Même à 60 ans, Patrick Grabit se bat toujours pour passer sa thèse de médecine générale. Comme lui, ils seraient au moins une cinquantaine, sans doute plus, anciens résidents qui se sont retrouvés piégés par la réforme du 3e cycle. Tous ces médecins ont réalisé leur troisième cycle avant la réforme de 2004 qui a vu la création des ECN, et le remplacement du résidanat par l’internat en médecine générale. Avec cette nouvelle règle du jeu est passé un décret qui donnait à ces étudiants de « l’ancien régime » qui ne l’avait pas encore fait jusqu’à fin 2012 pour passer leur thèse. Des histoires de vie, des contextes particuliers ont empêché certains de le faire dans les délais et ils se retrouvent aujourd’hui sans titre et dans l’incapacité d’exercer le métier pour lequel ils se sont formés.
Christine a terminé ses études en 1995, elle avait prévu de passer sa thèse dans la foulée mais tombée enceinte de jumeaux elle repousse finalement cette échéance. Après l’accouchement, avec deux bébés en bas âge le besoin de travailler était plus important. Elle commence donc les remplacements et met de côté sa thèse et en 1998 elle a un troisième enfant. Après avoir emménagé en Bretagne, la mère de famille décide de recontacter l’université de Créteil pour passer sa thèse, mais en même temps on découvre des problèmes psychiatriques graves chez son troisième enfant. Pendant plusieurs années Christine ne peut donc faire « autre chose que m’occuper de ma fille » explique-t-elle.
Des années après la fin de ses études, après avoir stabilisé sa situation familiale, quand Christine veut recommencer à travailler, elle découvre qu’elle n’a plus la possibilité de passer sa thèse. « La faculté ne m’a pas du tout prévenu, je n’ai reçu aucun courrier ». Elle fait une demande de dérogation qui est refusée. « Je me suis formée pour un métier qui me passionnait et aujourd’hui je n’ai pas la possibilité de faire quoi que ce soit qui soit en rapport avec lui », raconte-t-elle. « Je suis bien évidemment prête à faire une remise à niveau, mais aujourd’hui, j'en suis à chercher du travail pour faire du baby-sitting ou de l’aide aux personnes âgées ».
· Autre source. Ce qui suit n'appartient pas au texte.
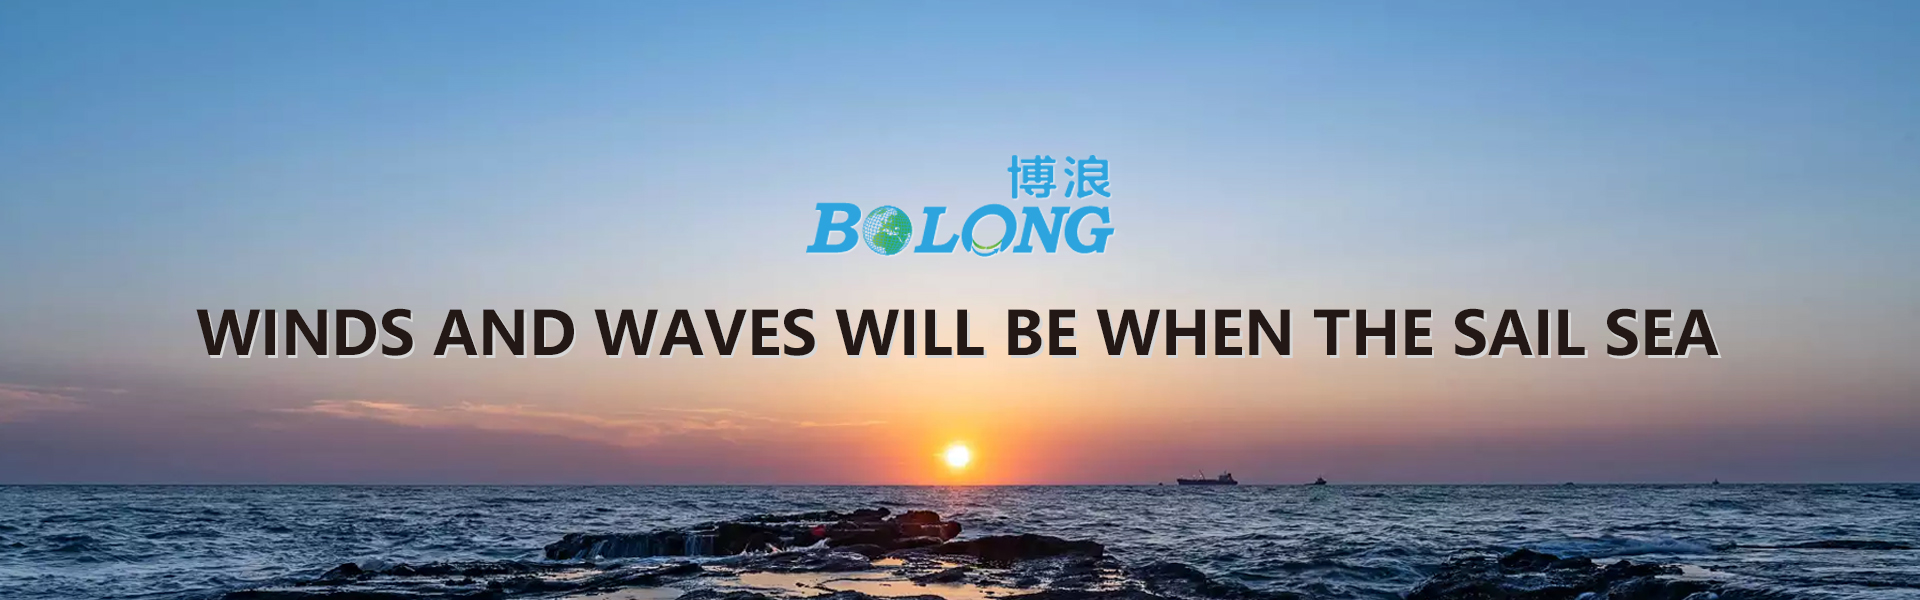 Shenzhen Bolong Technology Co., Ltd.

Patrick Garbit était lui interne à Toulouse quand, lors d’un trajet au cours d’une intervention, il a un accident grave. Désormais en fauteuil roulant et après un an de convalescence, il décide de finir sa formation. En 1994, il achève donc ses stages et jusqu’en 1999 il travaille comme « faisant fonction d’interne » dans le service gériatrie du CHU. Pendant plusieurs années, le médecin essayera de passer sa thèse sans jamais aller au bout. Mauvais sujets ou abandonnés à cause de problèmes familiaux graves ou de dépressions; malgré le couperet de fin 2012 dont il a été prévenu par l’université, Patrick Gabrit ne parvient jamais à passer sa thèse. « Il est vrai aussi que mon handicap a contribué à mon découragement » explique-t-il. À 60 ans, l’Isérois voudrait aujourd’hui simplement « conclure une situation » vieille de plus de 20 ans.
Des histoires comme celles de Christine et Patrick, il y en aurait donc des dizaines d’autres. Certains ont même pu passer leur thèse, mais on refuse de leur donner leurs diplômes. Une cinquantaine s’est réunie pour essayer de faire entendre leur voix auprès des pouvoirs publics, pour l’instant toujours sans succès. Épaulés par le SNJMG tous leurs recours ont pour l’instant échoué, même le Conseil d’État les a déboutés en 2015. « Ce qu’on reproche c’est de ne jamais avoir été informé de ces nouvelles règles du jeu » explique Ida Marina Lanzi, qui fait elle aussi partie des « sans thèses ». Aujourd’hui, c’est le SML qui vient à son tour leur apporter son soutien en espérant faire avancer le dossier. « C’est un gâchis réel. Ce ne sont pas des cas administratifs mais des cas humains » souligne Éric Henry. « On arrive à la fin d’un nouveau mandat et on veut mettre la pression pour que Marisol Touraine revienne sur ce décret avant son départ » ajoute-t-il.